19 August 2010

Multi-task learning: should our hypothesis classes be the same?

It is almost an unspoken assumption in multitask learning (and domain adaptation) that you use the same type of classifier (or, more formally, the same hypothesis class) for all tasks. In NLP-land, this usually means that everything is a linear classifier, and the feature sets are the same for all tasks; in ML-land, this usually means that the same kernel is used for every task. In neural-networks land (ala Rich Caruana), this is enforced by the symmetric structure of the networks used.

I probably would have gone on not even considering this unspoken assumption, until a few years ago I saw a couple papers that challenged it, albeit indirectly. One was Factorizing Complex Models: A Case Study in Mention Detection by Radu (Hans) Florian, Hongyan Jing, Nanda Kambhatla and Imed Zitouni, all from IBM. They're actually considering solving tasks separately rather than jointly, but joint learning and multi-task learning are very closely related. What they see is that different features are useful for spotting entity spans, and for labeling entity types.

That year, or the next, I saw another paper (can't remember who or what -- if someone knows what I'm talking about, please comment!) that basically showed a similar thing, where a linear kernel was doing best for spotting entity spans, and a polynomial kernel was doing best for labeling the entity types (with the same feature sets, if I recall correctly).

Now, to some degree this is not surprising. If I put on my feature engineering hat, then I probably would design slightly different features for these two tasks. On the other hand, coming from a multitask learning perspective, this is surprising: if I believe that these tasks are related, shouldn't I also believe that I can do well solving them in the same hypothesis space?

This raises an important (IMO) question: if I want to allow my hypothesis classes to be different, what can I do?

One way is to punt: you can just concatenate your feature vectors and cross your fingers. Or, more nuanced, you can have some set of shared features and some set of features unique to each task. This is similar (the nuanced version, not the punting version) to what Jenny Finkel and Chris Manning did in their ACL paper this year, Hierarchical Joint Learning: Improving Joint Parsing and Named Entity Recognition with Non-Jointly Labeled Data.

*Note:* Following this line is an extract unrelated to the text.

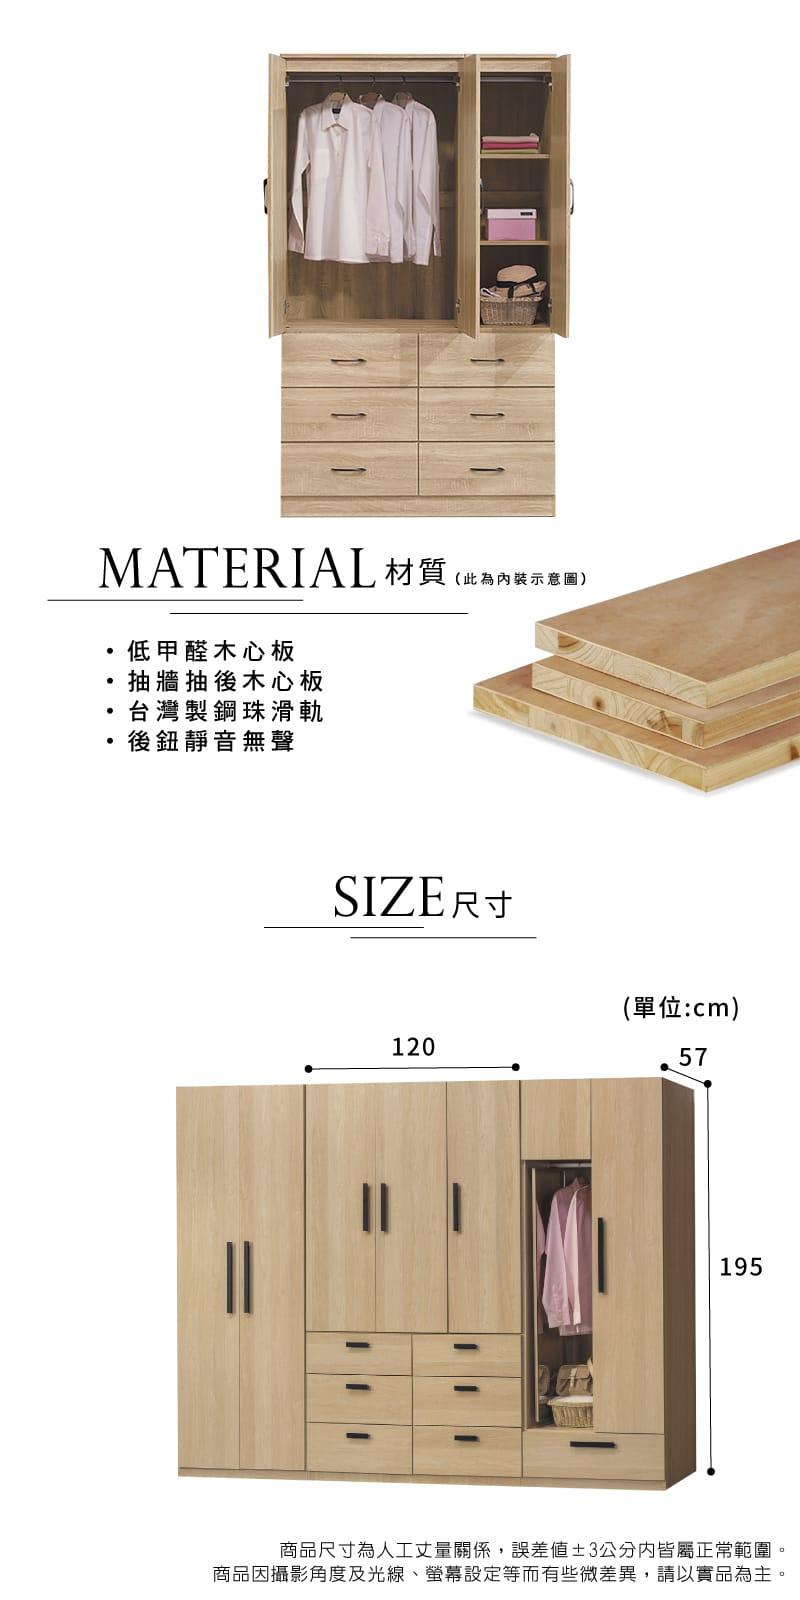 拉門收納置物衣櫃 寬120cm【威特】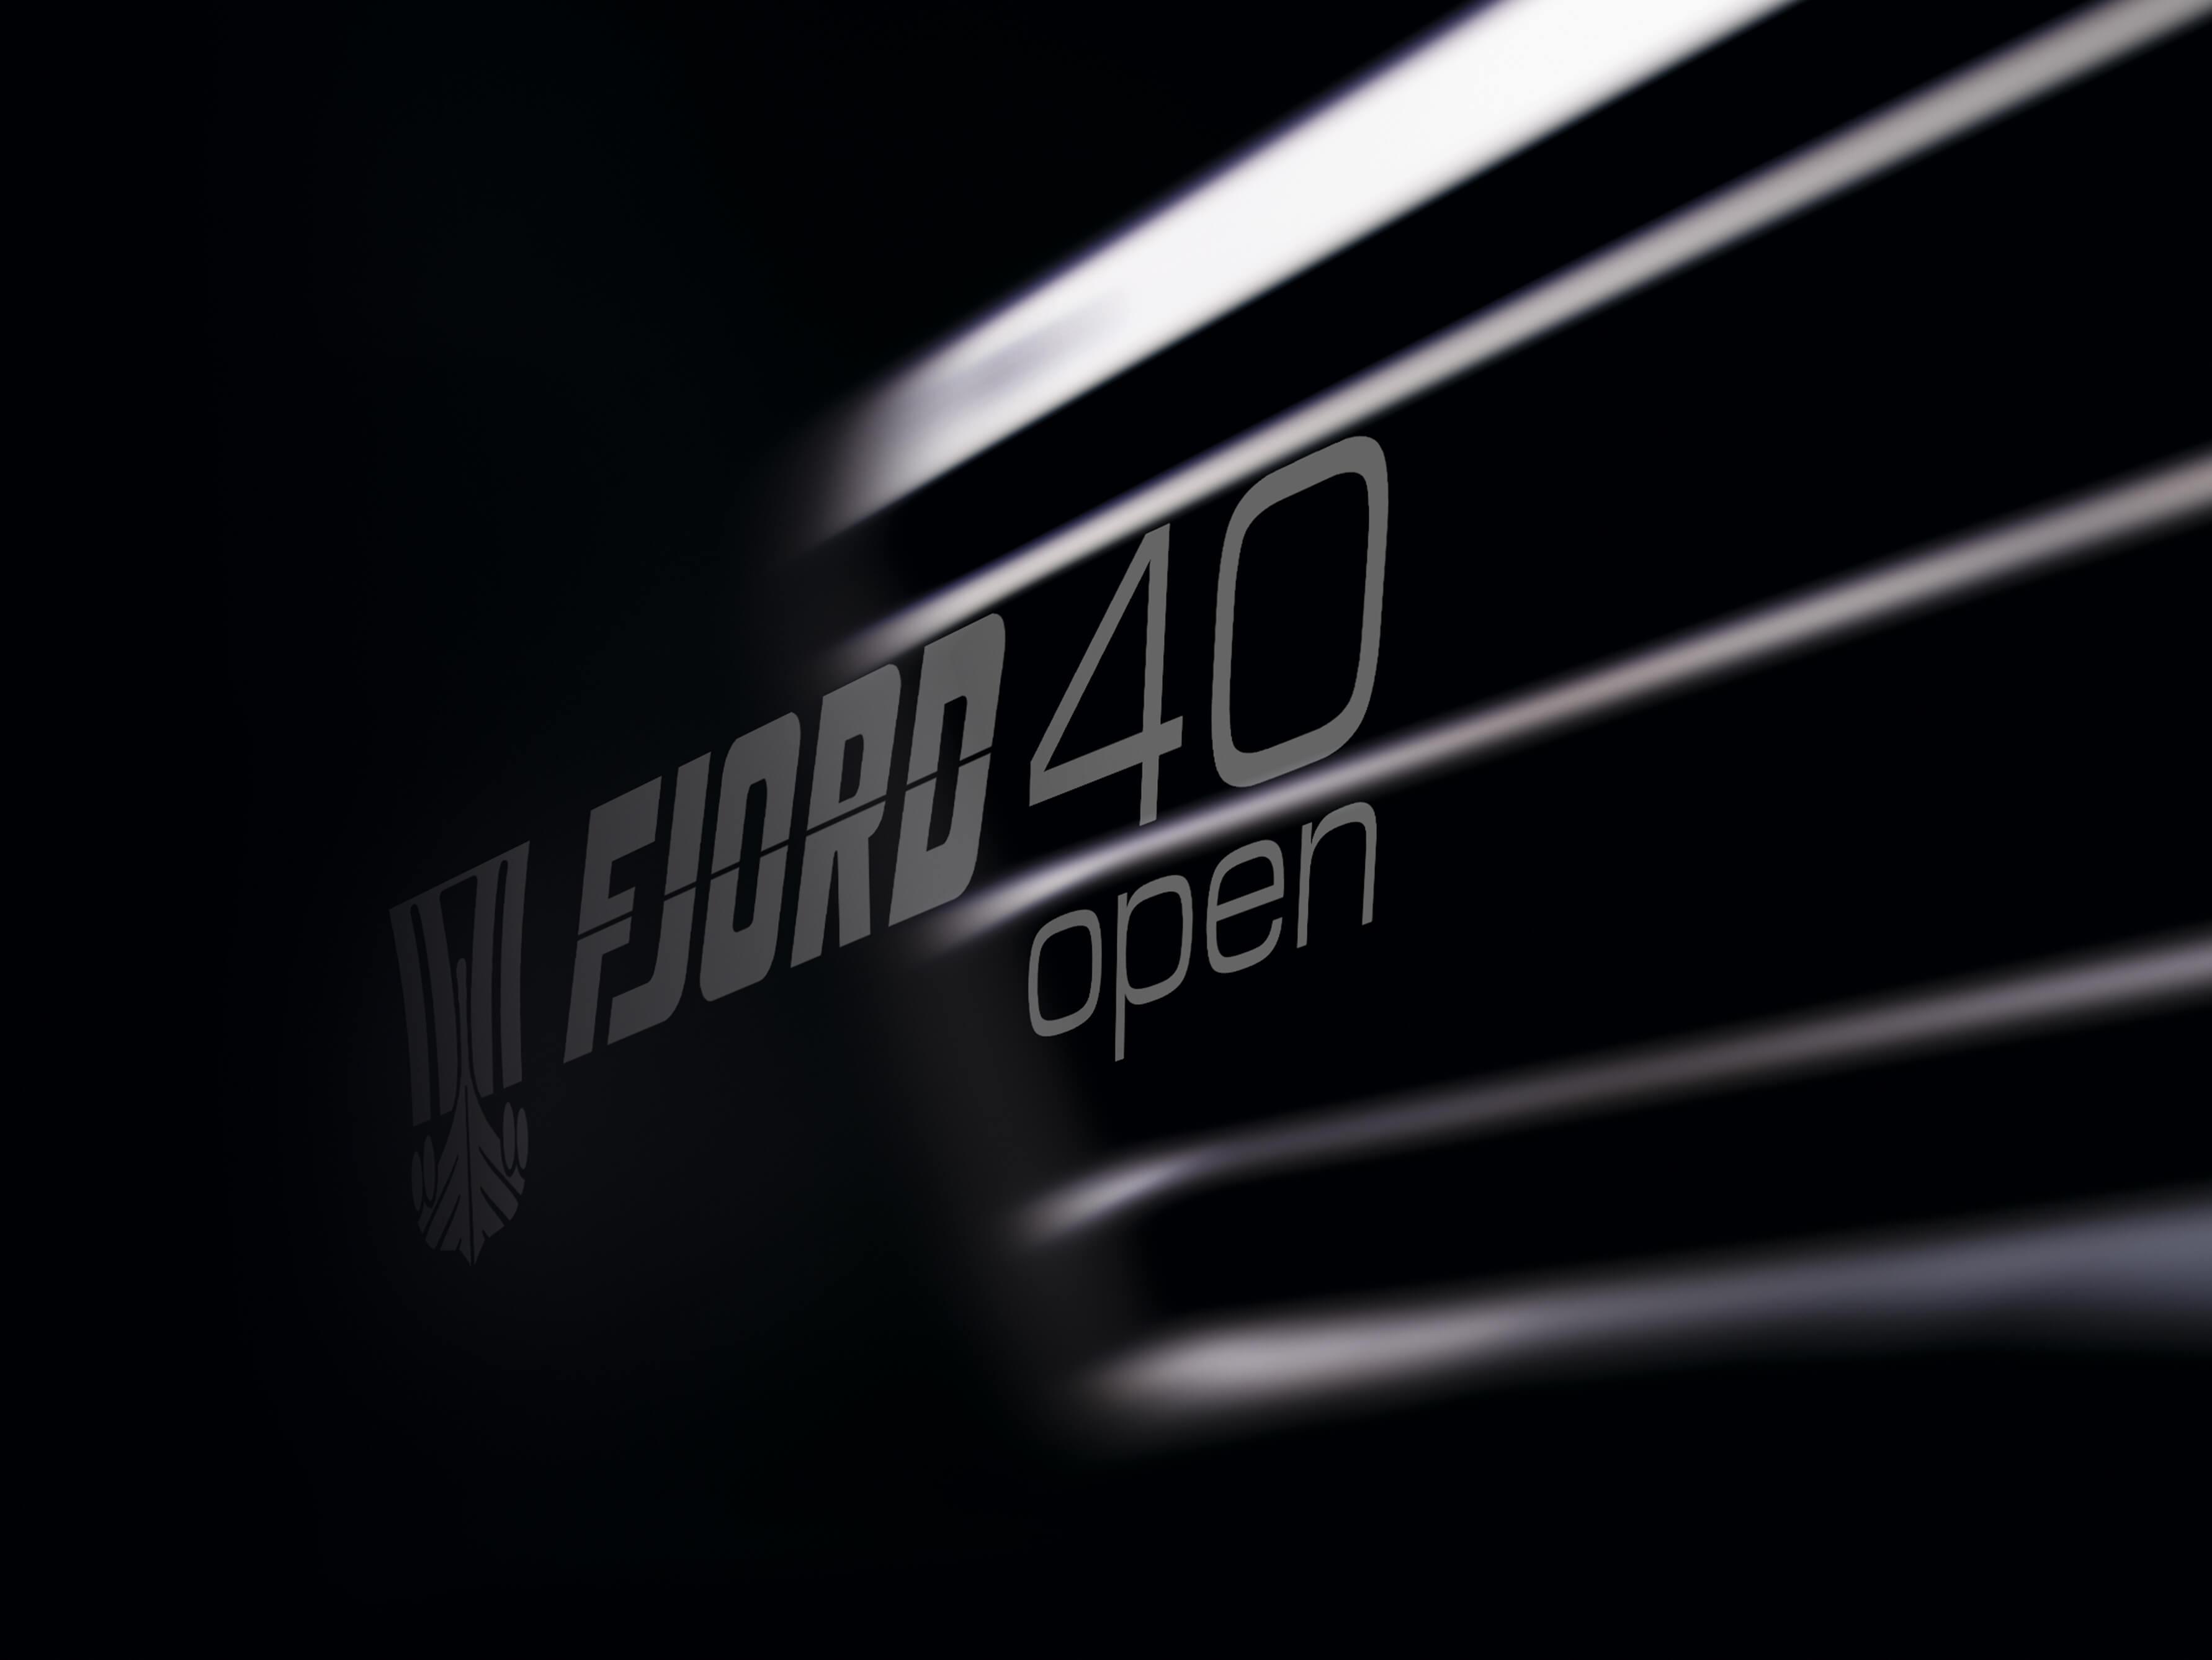 Fjord 40 open Außenansicht Ankern | Logo | Fjord

An alternative approach is to let the two classifiers "talk" via unlabeled data. Although motivated differently, this was something of the idea behind my EMNLP 2008 paper on Cross-Task Knowledge-Constrained Self Training, where we run two models on unlabeled data and look for where they "agree."

A final idea that comes to mind, though I don't know if anyone has tried anything like this, would be to try to do some feature extraction over the two data sets. That is, basically think of it as a combination of multi-view learning (since we have two different hypothesis classes) and multi-task learning. Under the assumption that we have access to examples labeled for both tasks simultaneously (i.e., not the settings for either Jenny's paper or my paper), then one could do a 4-way kernel CCA, where data points are represented in terms of their task-1 kernel, task-2 kernel, task-1 label and task-2 label. This would be sort of a blending of CCA-for-multiview-learning and CCA-for-multi-task learning.

I'm not sure what the right way to go about this is, but I think it's something important to consider, especially since it's an assumption that usually goes unstated, even though empirical evidence seems to suggest it's not (always) the right assumption.

5 comments:

cissa said...

http://portal.acm.org/citation.cfm?id=1657504.1657510
can you read this paper,do you have some idea about incremental multitask learning?

hal said...

@cissa: i hadn't seen that, but it's very related to a previous post: http://nlpers.blogspot.com/2008/05/adaptation-versus-adaptability.html

btw, you can read the paper here: http://www.lib.kobe-u.ac.jp/repository/90001004.pdf

cissa said...

thanks
my work is to use domain adaptation into multitask learning and it is need to be incremental learning,so i am very appreciate if you have some idea about that.
thank you again

Kevin Duh said...

Yeah, it sounds very reasonable to want to have different feature spaces for different tasks. Is there any theory in ML that depends on them being in the same hypothesis class?

I think there is some work on adaptation with different feature spaces (via feature extraction). For example: Heterogenous cross-domain ranking [Wang09] frames the learning problem as (simplified here):

min_{Ws,Wt,U} L(Ws,U*Xs) + L(Wt,U*Xt) where Xs and Xt are source and target samples, Ws and Wt are the source and target weights to be learned, L is the loss function, and U is a transformation mapping Xs and Xt (which could be different spaces, into the same latent subspace.

For practical reasons, they still need to concat that source and target feature vectors, or else matrix dimensions of U won't match. The optimization is done using a convex trick similar to [Argyriou06].

I think your CCA idea is very cool and possibly more effective, though!

Alexandre Passos said...

Maybe something like an HDP is right here? Not in the usual setting, but something that assumes the feature,weight pairs are drawn from a DP for each domain with an HDP prior, and then you can sample/optimize which are the specific features for each domain and which share weights.

Inference would be tricky, but I think the idea may be sound.